Re: Rename tracking [was: Presentation for Berlin 10-13 June - "The future of merging with Subversion"]

Posted by Mark Mielke <ma...@mark.mielke.cc>.
On 05/28/2010 09:33 AM, Johan Corveleyn wrote:
> Please don't reduce the issue of "rename tracking" (or whatever you
> want to call it) to merging. It's just as relevant for updating (cf.
> tree conflicts of "local edit, incoming delete" and "local delete,
> incoming edit", etc., which you can just as easily get with a normal
> update). When there is proper rename tracking, I fully expect these
> kinds of tree conflicts to be resolvable automatically (most of the
> time). Whether it's a merge or a regular update.
>
> Unless you consider an update a special kind of merge. However, I
> don't think that's the case in the mind of users (at least in my head,
> as a user, the two are quite different, I use them in totally
> different contexts). That's why I think "Branch-relative renames" is
> not such a good term. It couples the rename issue to
> branching/merging... It's more than that.
>    

It may depend on the user. For myself, any 3-way merge (or better) that 
takes changes on one side and applies them to the other, is a merge. The 
"svn update" operation is by definition a merge, as it takes the changes 
made in the repository and applies it against the changes made in the 
workspace.

I have noticed that Subversion merge capabilities seem slightly 
different between "merge to workspace" and "merge to branch". Note, 
though, that this difference perplexed and confused me. Why should "svn 
update" be smarter or not as smart as "svn merge" when presented with 
the same amount of merge context, the same "base version", the same 
resulting context for a "source version", and the same resulting context 
for a "target version". I recall playing with what most people here are 
calling "tree conflicts", and I stumbled upon a situation that work fine 
with "svn update", but then failed with "svn merge". Augh! :-)

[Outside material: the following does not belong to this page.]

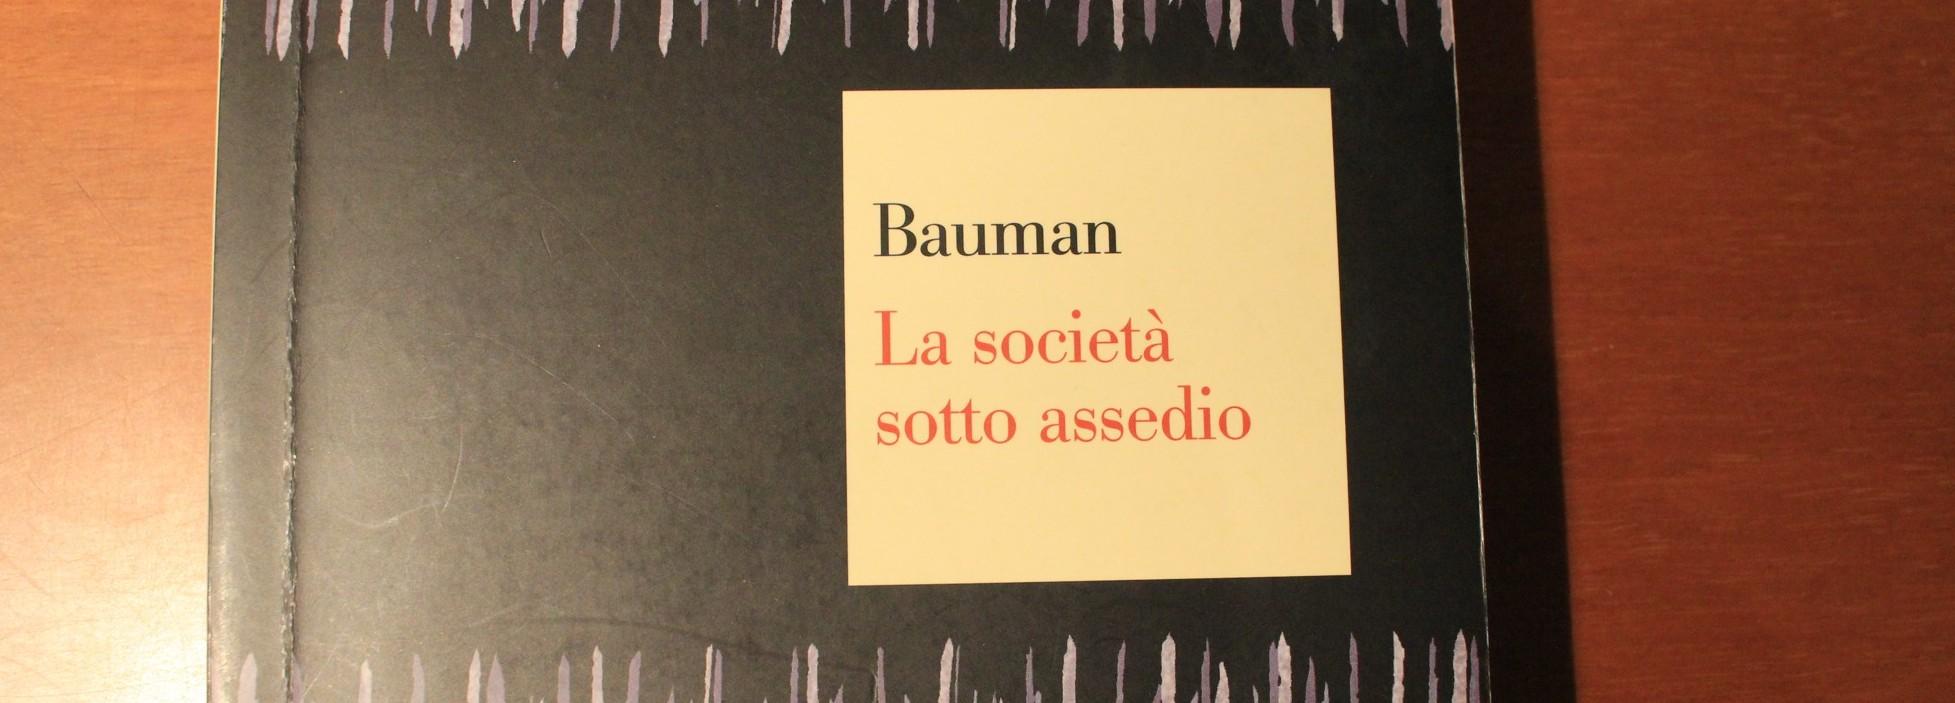 società-sotto-assedio-bauman

In any case - you can define it however you wish - but as a user, I 
expect "rename commit plus file content commit" to be equally mergeable 
to both another branch and the local workspace. One day. :-)

Thanks,
mark

-- 
Mark Mielke<ma...@mielke.cc>

Re: Rename tracking [was: Presentation for Berlin 10-13 June - "The future of merging with Subversion"]

Posted by Julian Foad <ju...@wandisco.com>.
Johan Corveleyn wrote:
> On Fri, May 28, 2010 at 2:11 PM, Stefan Sperling <st...@elego.de> wrote:
> > On Fri, May 28, 2010 at 02:07:15PM +0200, Stefan Sperling wrote:
> >> Please consider taking a very good look at how Mercurial handles copies
> >> when merging.
> >
> > And BTW, a rename in Mercurial is also a copy+delete.
> > That's why I think what they are doing is quite relevant to us.
> 
> Please don't reduce the issue of "rename tracking" (or whatever you
> want to call it) to merging. It's just as relevant for updating (cf.
> tree conflicts of "local edit, incoming delete" and "local delete,
> incoming edit", etc., which you can just as easily get with a normal
> update). When there is proper rename tracking, I fully expect these
> kinds of tree conflicts to be resolvable automatically (most of the
> time). Whether it's a merge or a regular update.
> 
> Unless you consider an update a special kind of merge. However, I
> don't think that's the case in the mind of users (at least in my head,
> as a user, the two are quite different, I use them in totally
> different contexts). That's why I think "Branch-relative renames" is
> not such a good term. It couples the rename issue to
> branching/merging... It's more than that.

Yup, I am certainly not forgetting updates.  Thanks for pointing out
that terminology like "branch-relative" may be misleading.